Fermented feed with dried nettles, protein levels, report....

annagoodspeed

Songster
7 Years
Jan 24, 2017
128
116
176
Central Idaho 3000 ft
For years I have been feeding a basic 2-1 wheat peas mix plus minerals, to which I add a little fish meal and alfalfa, and ferment - really just adding hot water and letting it sit overnight, which gives a yeasty smelling mash. Last season I cut flowered mature nettles, laid the stalks out on a tarp to dry, stripped the stalks and bagged the leaves with seed, and used that as my green additive. No actual study, but it seemed like a nice substitution for the alfalfa, the chickens looked great, not sure about increased egg levels as I had a lot of new pullets, but plenty all winter. Soaking the dried greens with the feed works well and seems to increase palatability.
I live in snow country so no free range in winter. I would love to move away from the fish meal, but not the increased protein level.
Does anyone get away with feeding wheat / peas (around 16% protein) with a just a green added to get up to 18-20%? Also, I still add fish meal in the summer, but the birds are totally free ranging (garden is 8’ fenced, they go everywhere else) with a big yard full of alfalfa mix pasture... is the fish meal needed in the summer?
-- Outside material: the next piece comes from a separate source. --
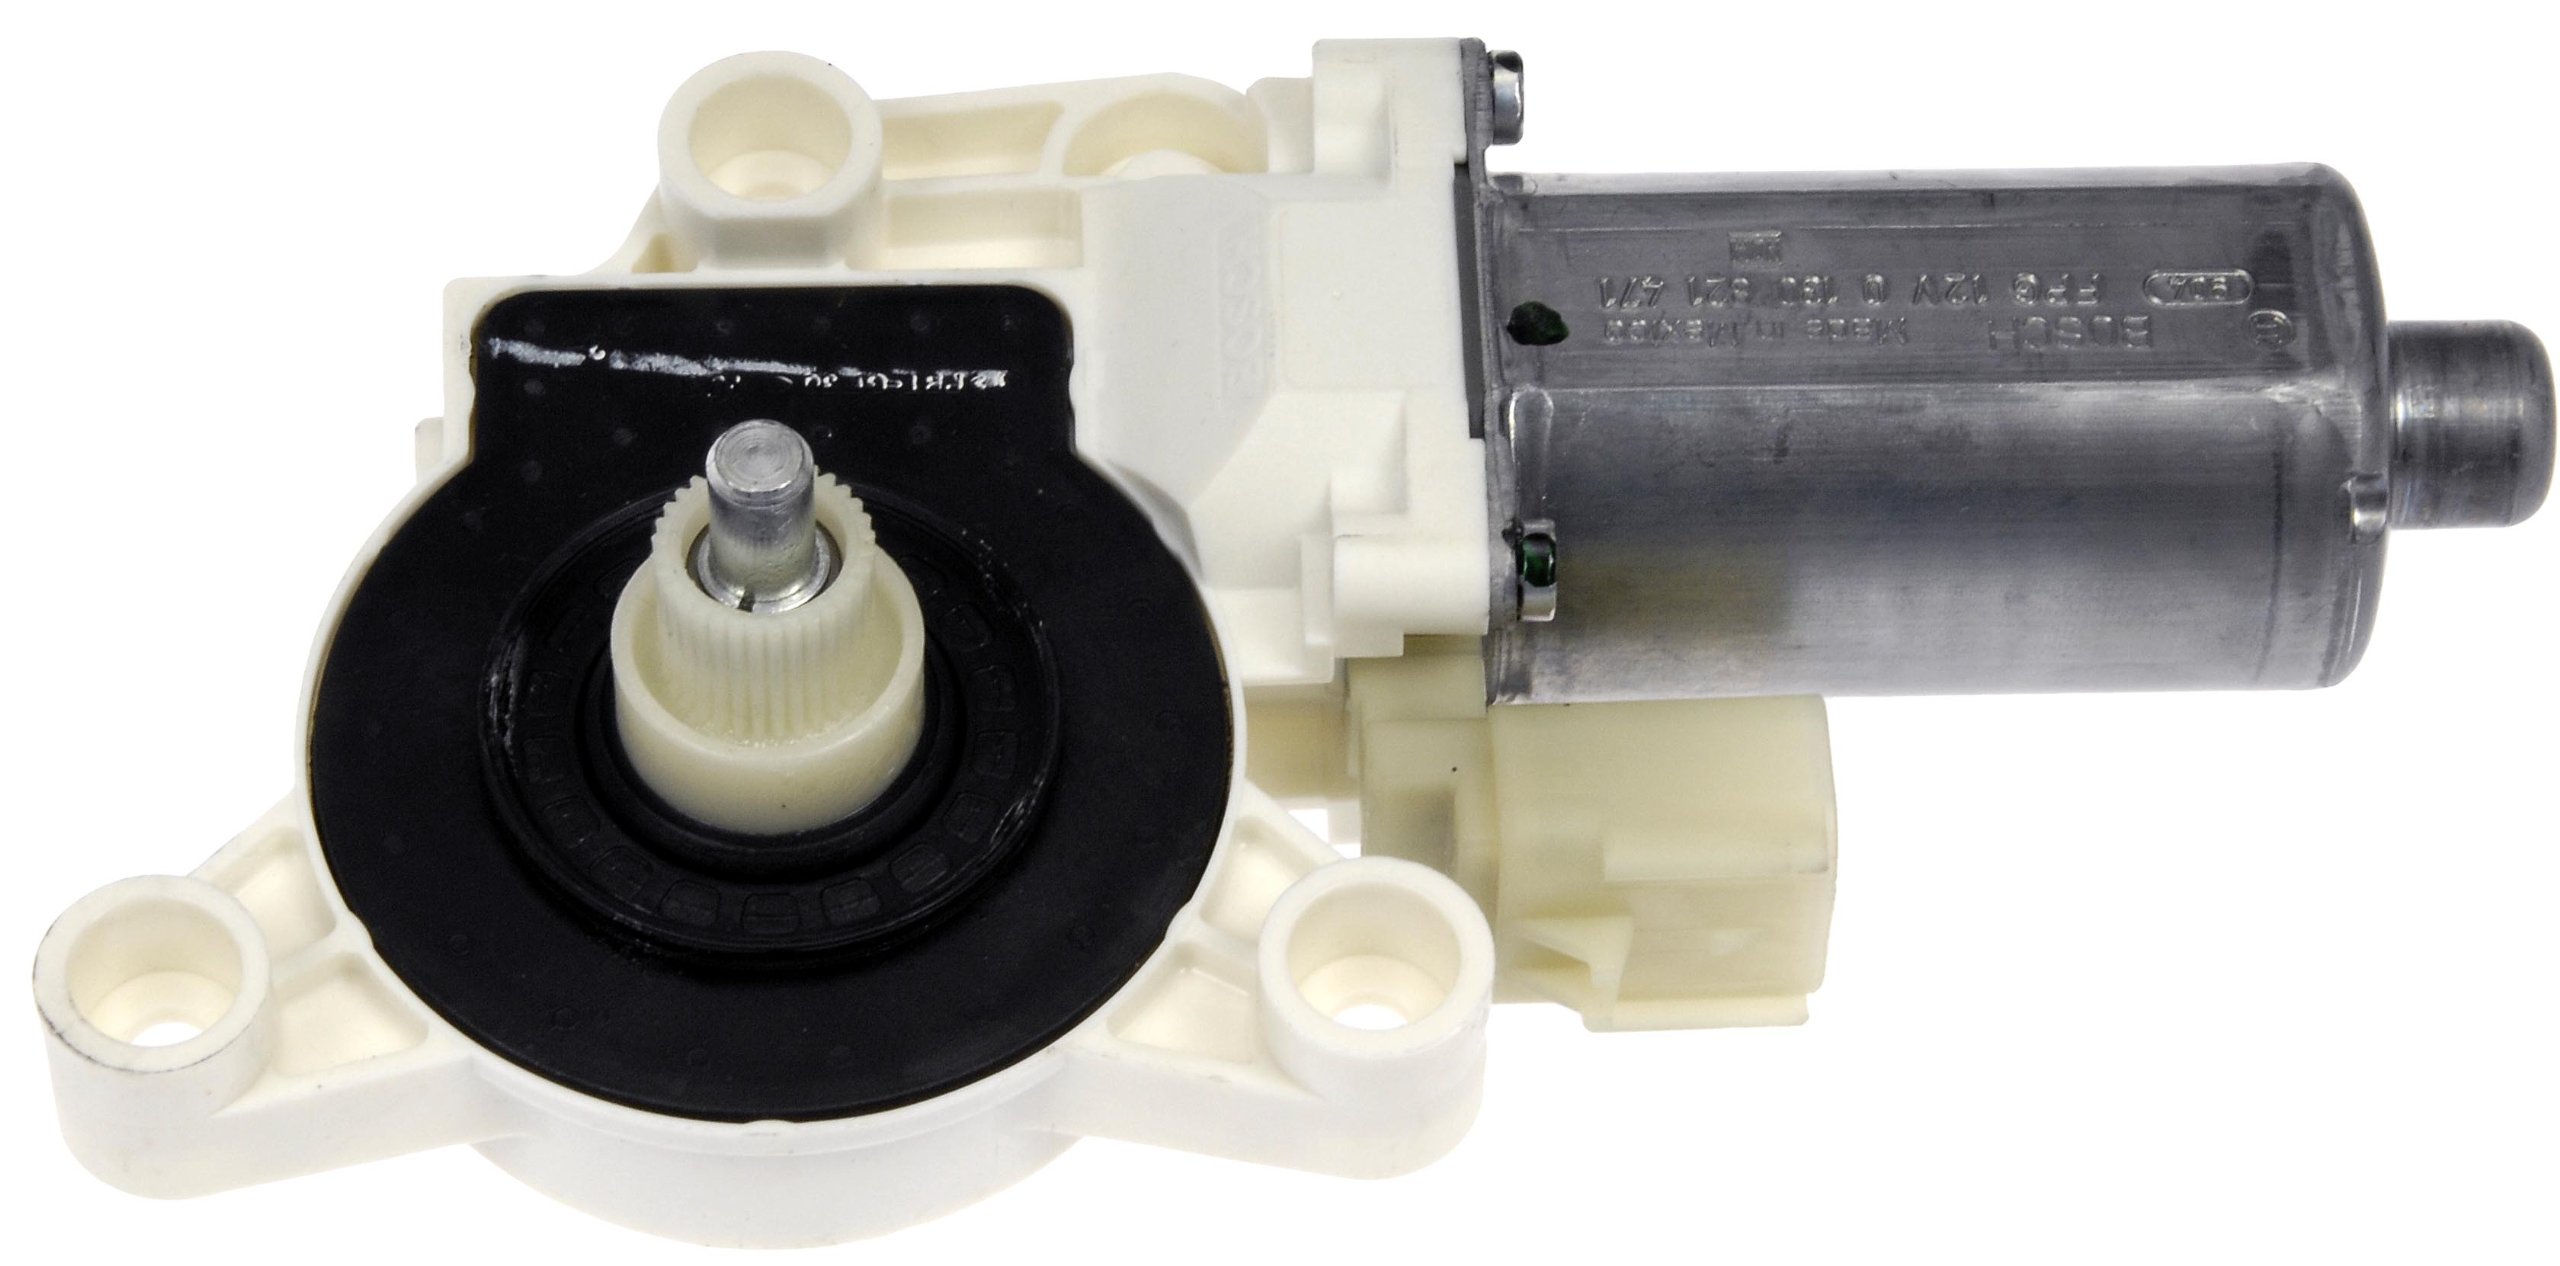 Dorman 742-942 Front Driver Side Power Window Motor compatible with Select chryslerDodgeRam Models
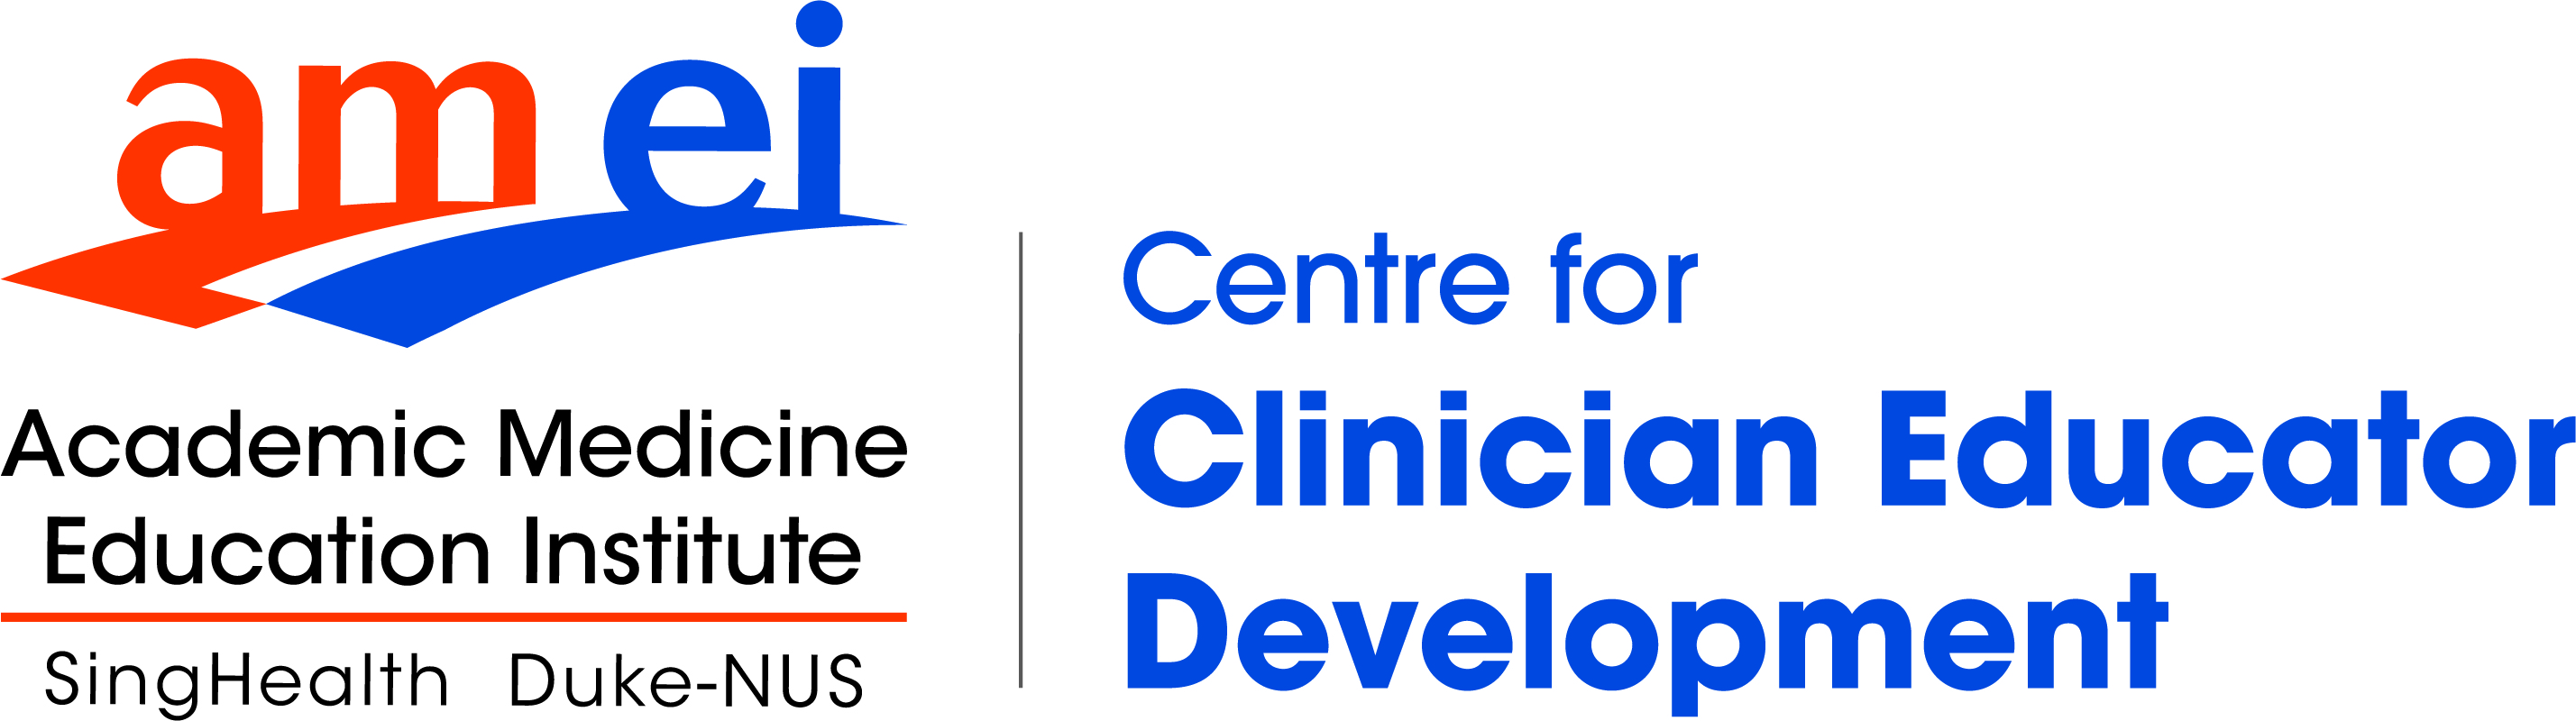 Centre for Clinician Educator Development.jpg

Keep it for the enzymes?
Dried nettle leaves are supposed to be 20-40% protein, can’t find info on seed levels, but have to be a lot higher.
 
Harford Edible and medicinal wild plants 2019:118-121, has nothing on protein levels but says that stinging nettle is "packed full of vitamins A and C, and some B vitamins. Fresh nettles contain (per 100g) 670mg potassium, 590g calcium, 18mcg chromium, 270 mcg copper, 86 mg magnesium, and 4.4 mg iron... Mashed nettles make a cheap and nutritious poultry feed, being particularly good for young turkeys... it is said that chickens who eat nettle lay more and stronger eggs."

So nettle looks like a good choice, fresh or dried! Grass typically has higher protein levels than alfalfa too, so if your pasture is good, I'd have thought your chickens are fine with that in the summer. A little cod liver oil periodically added to the fermented feed just before serving in winter should supply enough Vit d for them to process the calcium if they are still laying and you prefer that to fish meal.
 
Nettles are particularly good because the leaves are so thin and dry fast and dry well. And yes, nettles are specially nutritious, but they are within range of other greens. You would get similar results with dandelion for example, or with either plantain form (but they are harder to harvest). Generally, if chickens can eat the poop of ruminants (or rabbits) they get all that on the real cheap, and they prefer it that way, because mineral absorption increases, and vitamins and enzymes are so much higher.
 
Thanks for the new information! I never thought of fish oil, or knew poultry went for manure other than to scratch insects out.
I use nettles in several ways, eating the new greens in spring, hopefully some day using the tall stalks for fiber (processed in the same way as flax and hemp), and using the seeded mature dried for feed.